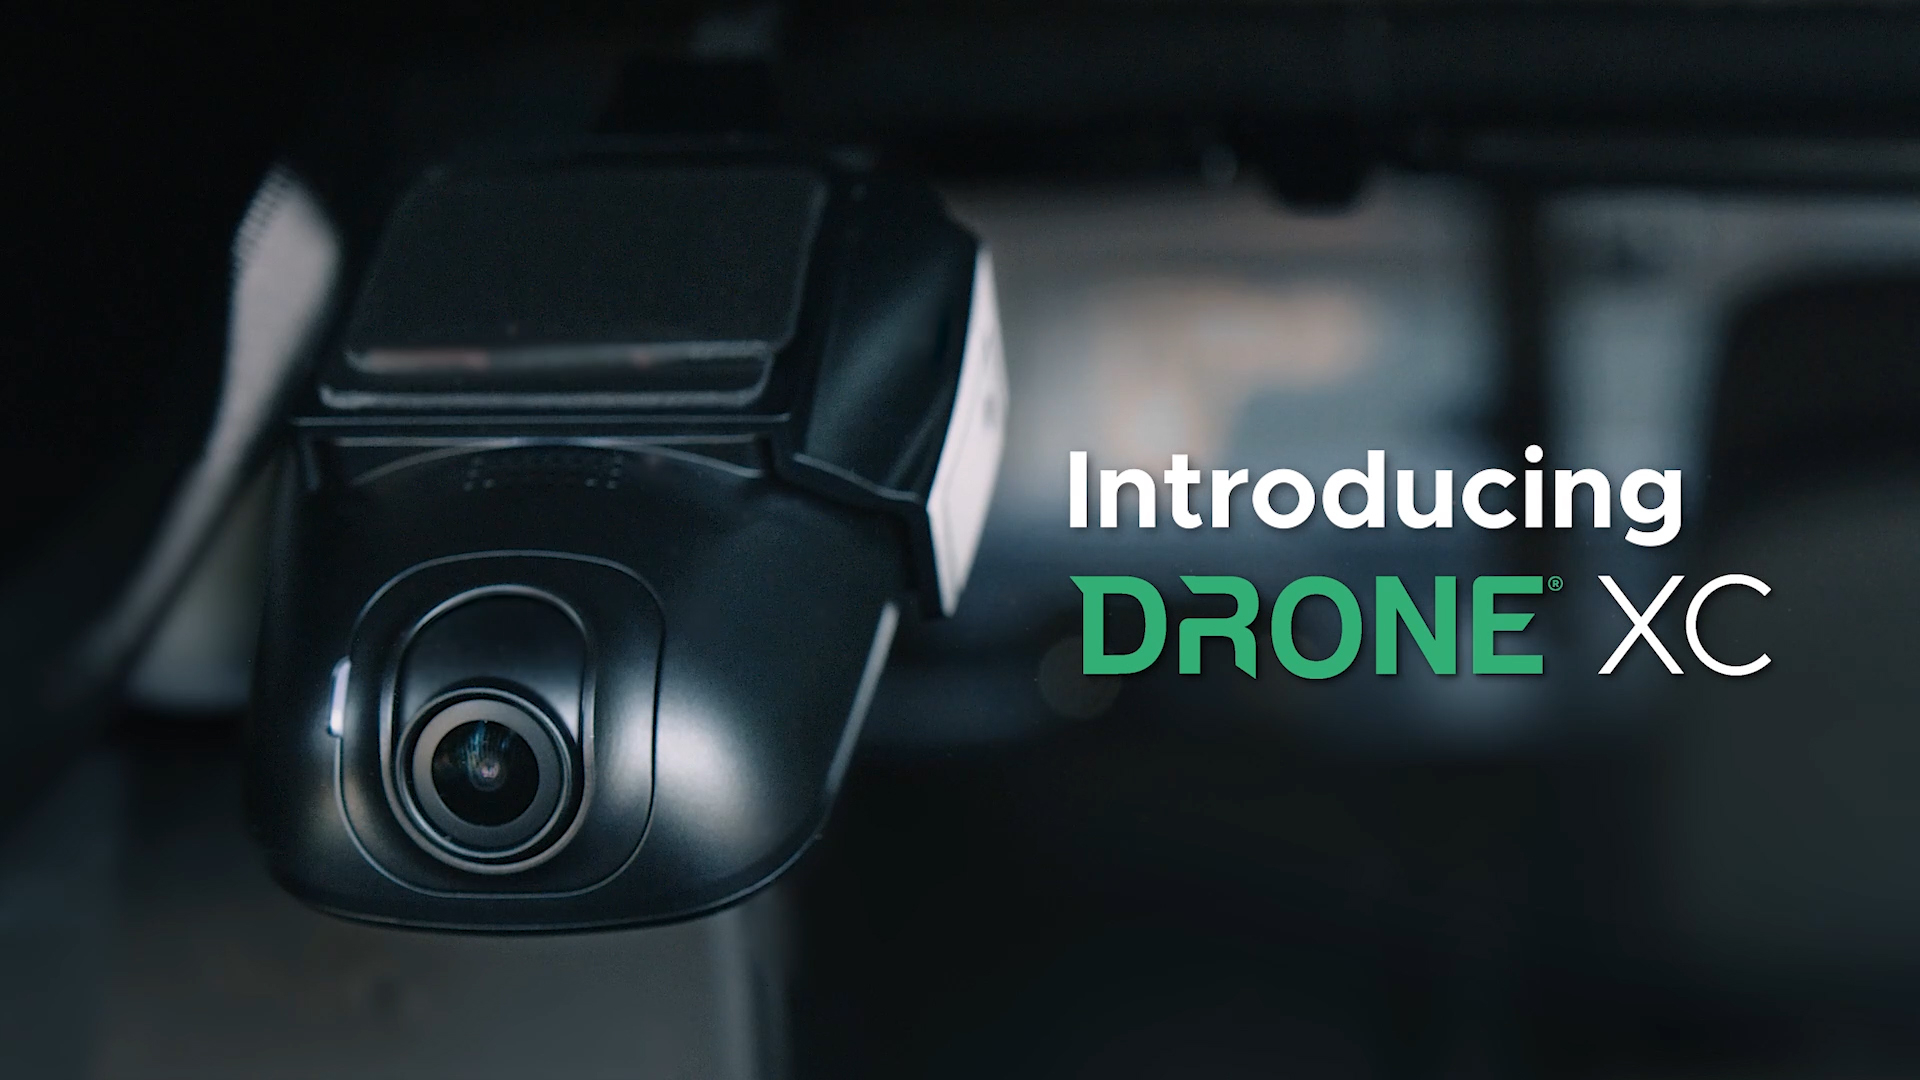 Introducing Drone XC dash camera, eyes on your ride like never before
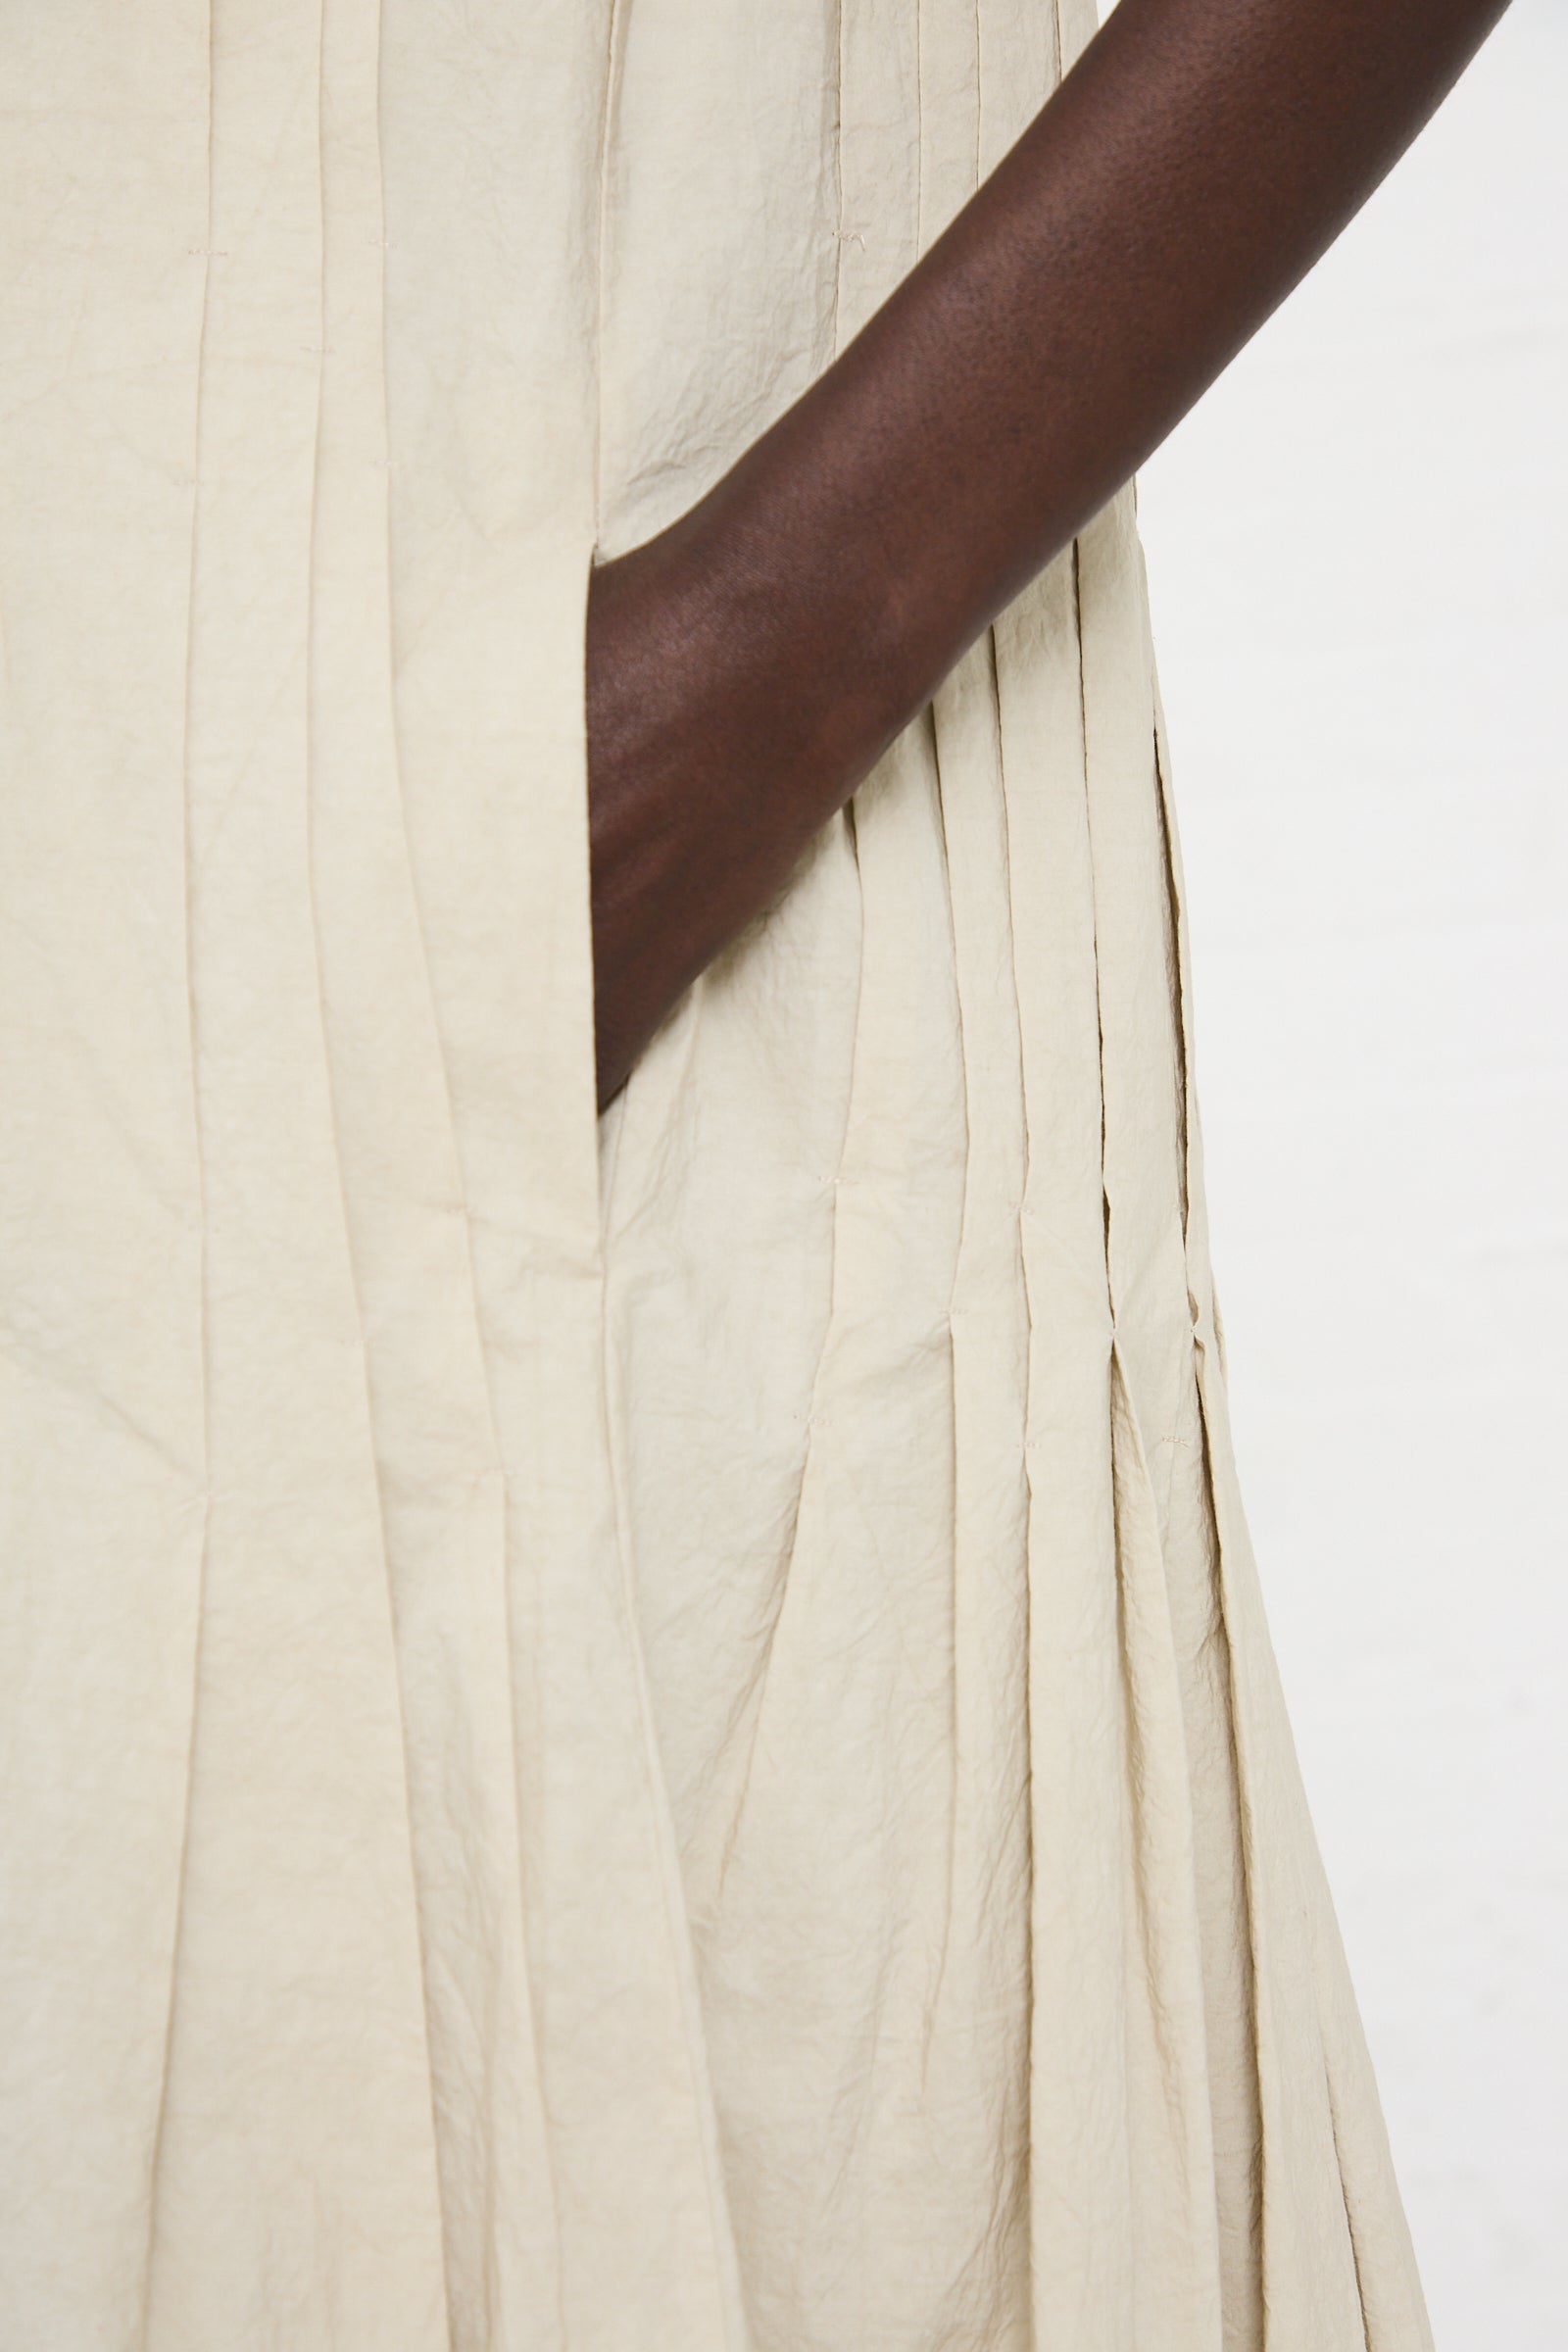 Close-up of a person with a dark complexion wearing a light beige Hand Pleat Dress in Greige by Lauren Manoogian, showing their hand casually placed in a pocket.
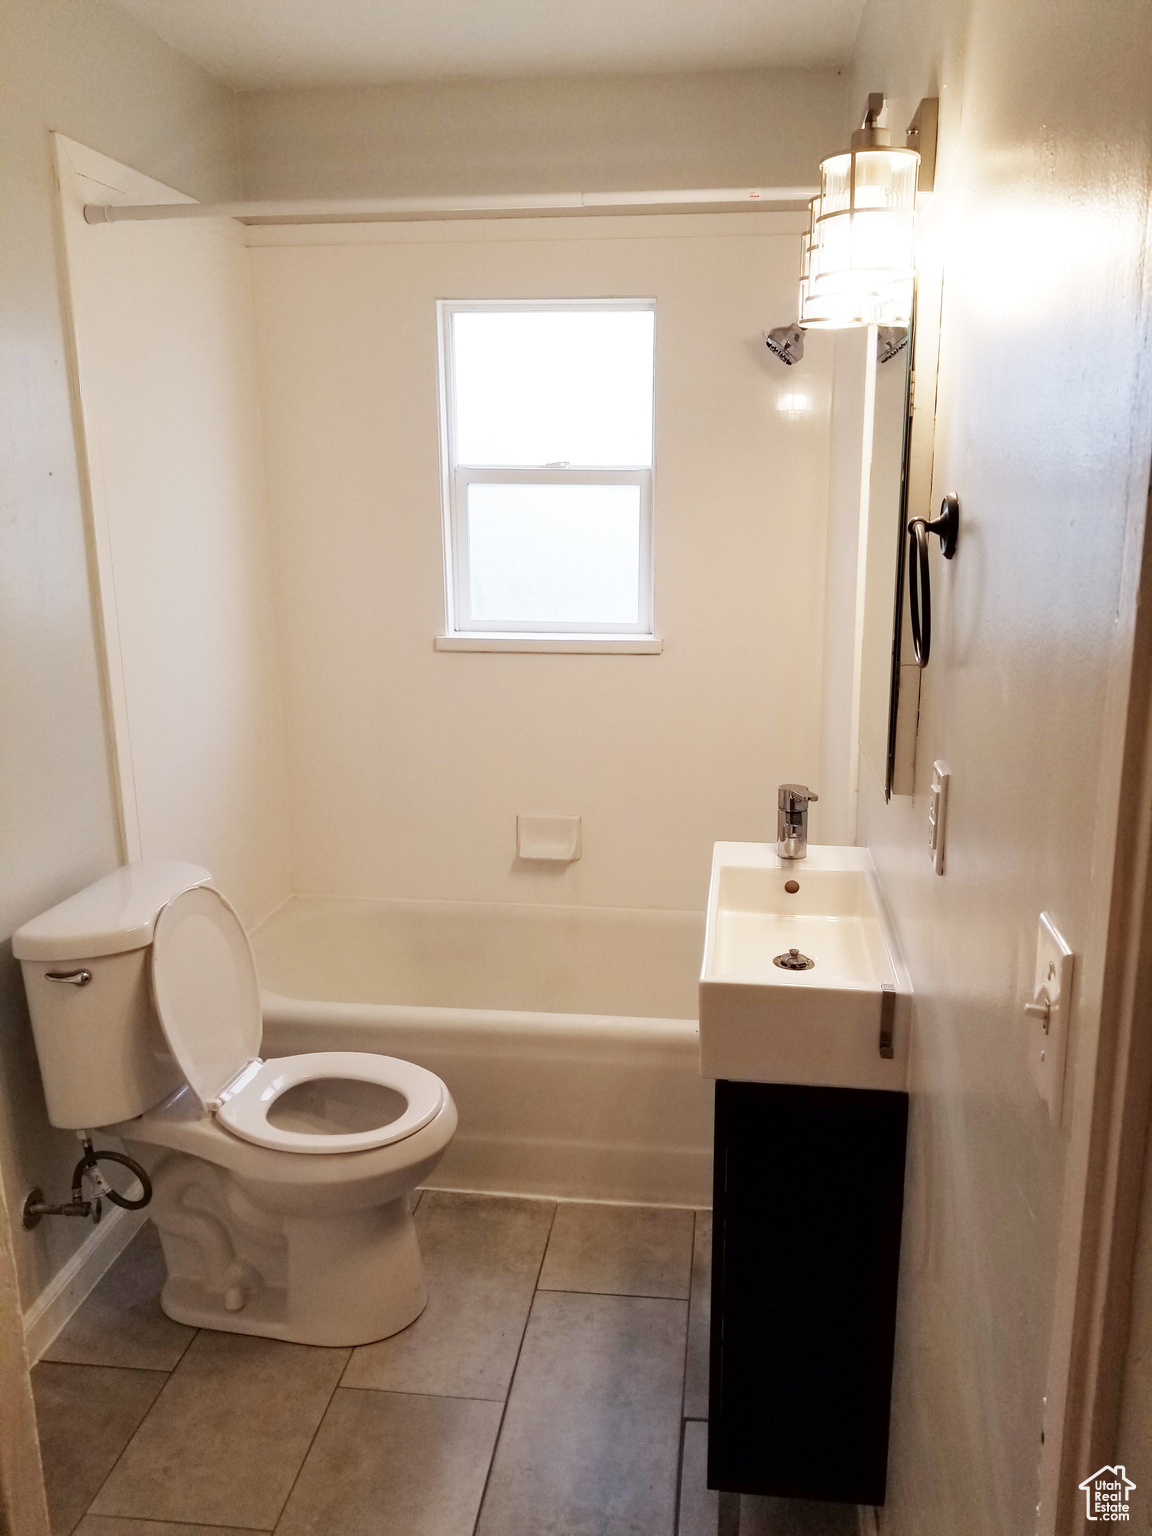 Full bathroom with tile flooring,  shower combination, vanity, and toilet
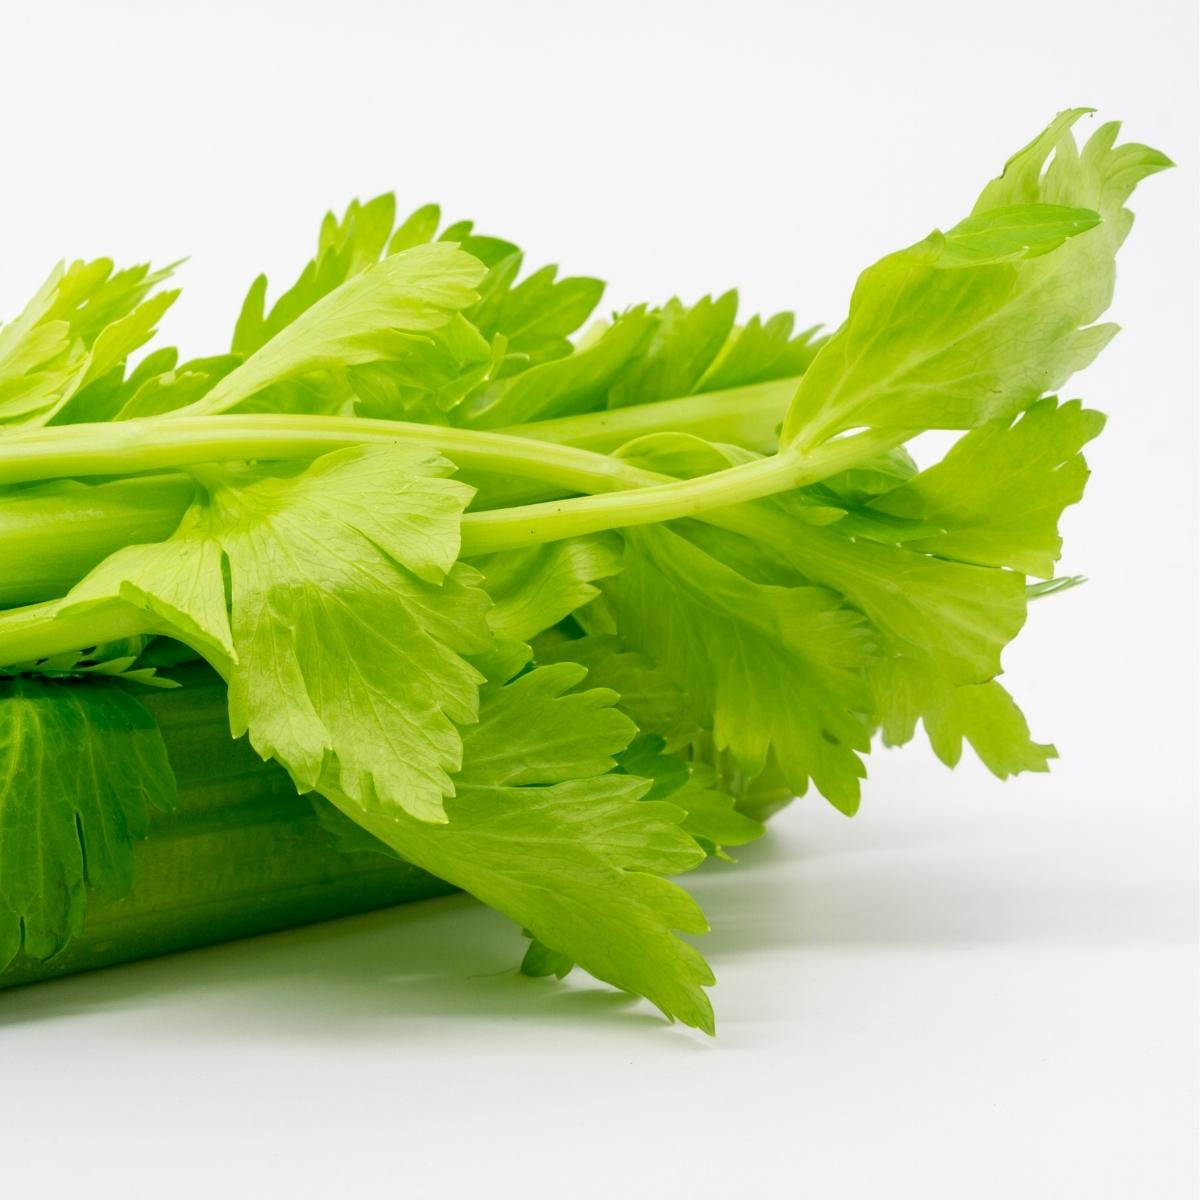 Bright, yellow-green celery leaves.
————
> WHAT IS REQUIRED
Print exactly, and only, the lines from the line containing "Close-up of a" to the last line of the material above, with every picture left out.

> RESPONSE TO THIS EXERCISE
 Close-up of a person with a dark complexion wearing a light beige Hand Pleat Dress in Greige by Lauren Manoogian, showing their hand casually placed in a pocket.
 Full bathroom with tile flooring,  shower combination, vanity, and toilet
 Bright, yellow-green celery leaves.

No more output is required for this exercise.